As we have seen, energy needs to be right priced. That is, the waste factor needs to be priced in the calculus of valuation of fuel. Make no mistake about it, we're paying for that waste as we speak. Lets do some back of the envelope calculations:
- US defense budget (2006) - ~ 600 billion $ (I'm rounding the numbers for current purposes)
- supplemental defense budget for fighting two wars in Iraq and Afghanistan (2006) 100 billion
- additional defense relation budget, e.g. homeland security, intelligence services (domestic and foreign), law enforcement (domestic and foreign), etc. (2006) - say 100 billion (for the sake of argument, I don't have the exact breakdown)
- FEMA and other expenditures for disasters such as hurricane Katerina, Wilma, etc (2006)- 100 + billion

So that is ~900 billion $ that was spent in 2006 to support our fossil fuel habits that came out of general revenue taxes. To give you a sense of size for this, the entire US individual income tax for 2006 was ~900 billion. So one can argue that we are spending our entire income tax revenue to support our fossil fuel habit, that is not reflected in the price of fossil fuel. Now consider this. Say the taxpaying population in the US is ~200 million people, then the average individual income tax is something like ~500$/month (again I'm rounding the numbers). So a family of 4, with two wage earners may be paying ~600$/month in direct energy bills and ~1000$/month in indirect bills through their general revenue taxes.
Suppose we right priced the cost of fossil fuels, that is we shifted the cost from general revenue to direct expense of the fuels. That can be relatively easily done. In a typical electric bill you pay a baseline up to a certain amount of kwh use, and then the price/kwh goes up. Suppose we shifted the cost of consumption from a general revenue tax to say fossil fuel consumption/pollution tax on top of the electric bill in a progressive manner, the higher your consumption/pollution levels the higher the taxes. You can do the same thing with natural gas supply, heating oil supply, even coal supply (gasoline would be significantly harder to progressively tax because there is no easy way to find out who is consuming how much per month).
That would do two crucial things, one is to stabilize the price of fossil fuels rightly and predictably. You see, say you are a Wall Street type who wants to invest in renewable energy resources or in a ZEH development, you calculate your return on investment based on say $65/barrel oil. But who is to say the price wouldn't tank to say $40 or less, it has before. In the 70, because of energy embargoes, price of energy spiked up, hell at times there was no gas available at any price. That spurred all manners of interests and investments in renewable resources, a brand new Department of Energy went up. Within 10 years gas prices tanked to 99 cents/gallon and practically all investments and interests in renewable energy fizzled out. This uncertainty and risk is critical in investment decisions. Right pricing fossil fuel costs stabilizes the spiky nature of fossil fuels, and takes the uncertainty out of the calculus.
The other crucial thing that this right pricing policy addresses is the progressive nature of consumption. The higher the consumption, the higher the cost. Think about it, if you live in a one or two bedroom condo in a city with mass transit, you maybe already at ~2000 koe target. If you are a family of 4 living in a ~1500-2000 square foot house and use mass transit, you maybe at ~3000 koe.What you are then subsidizing is the cost of energy for the 2 people that live in a 10000 square foot McMansion, that dive 100 miles a day and live a jet set life (with maybe a boat or two), they would be maybe at ~20000 koe level.
So if we take the indirect fossil fuel costs out of our general tax bill, and put it in as the fuel tax bill, where it belongs, then we'll open all manners of investment opportunities in alternative fuels, ZEH projects, etc.

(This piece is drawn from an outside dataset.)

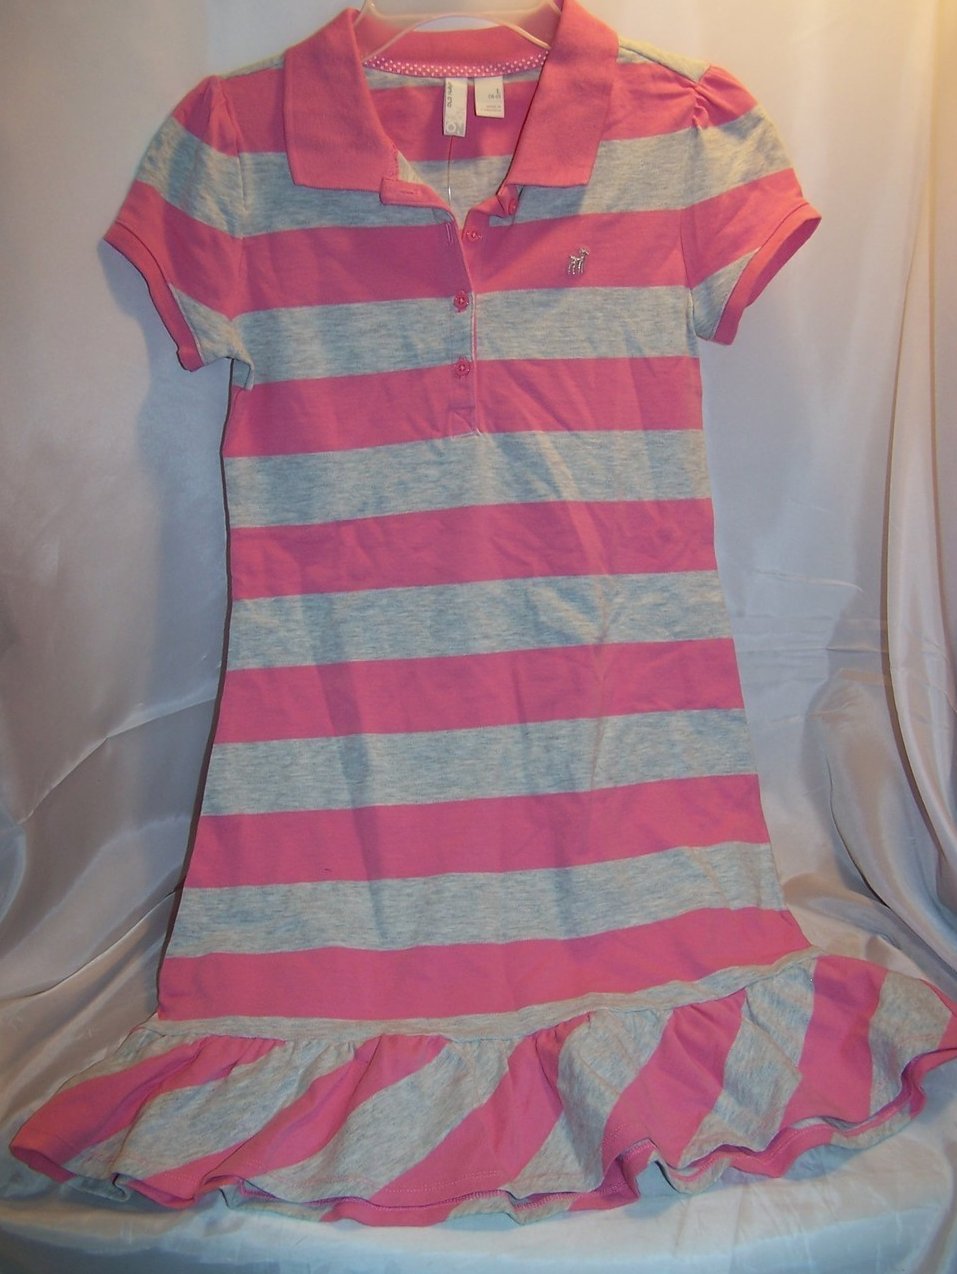 New Sz L 10, 12 Old Navy Pink and Gray Striped Dress

Believe it or not we have done this kind of judo move in the 70's with our industrial pollution problem. Back then industrial dumping was routine, all industries did it, even the government did it. It was just the way of doing business. The problems started to make the front pages. Entire lake systems were dying due to acid rain and people that lived around them and made their living from them were being put out of business. So they started hollering. Entire streams and aquifers were being poisoned. People around them started to get sick, so they started hollering. Eventually a river (Cuyahoga, near Cleveland 1969) caught fire, well there was no way to hide that, the pictures were rather impressive.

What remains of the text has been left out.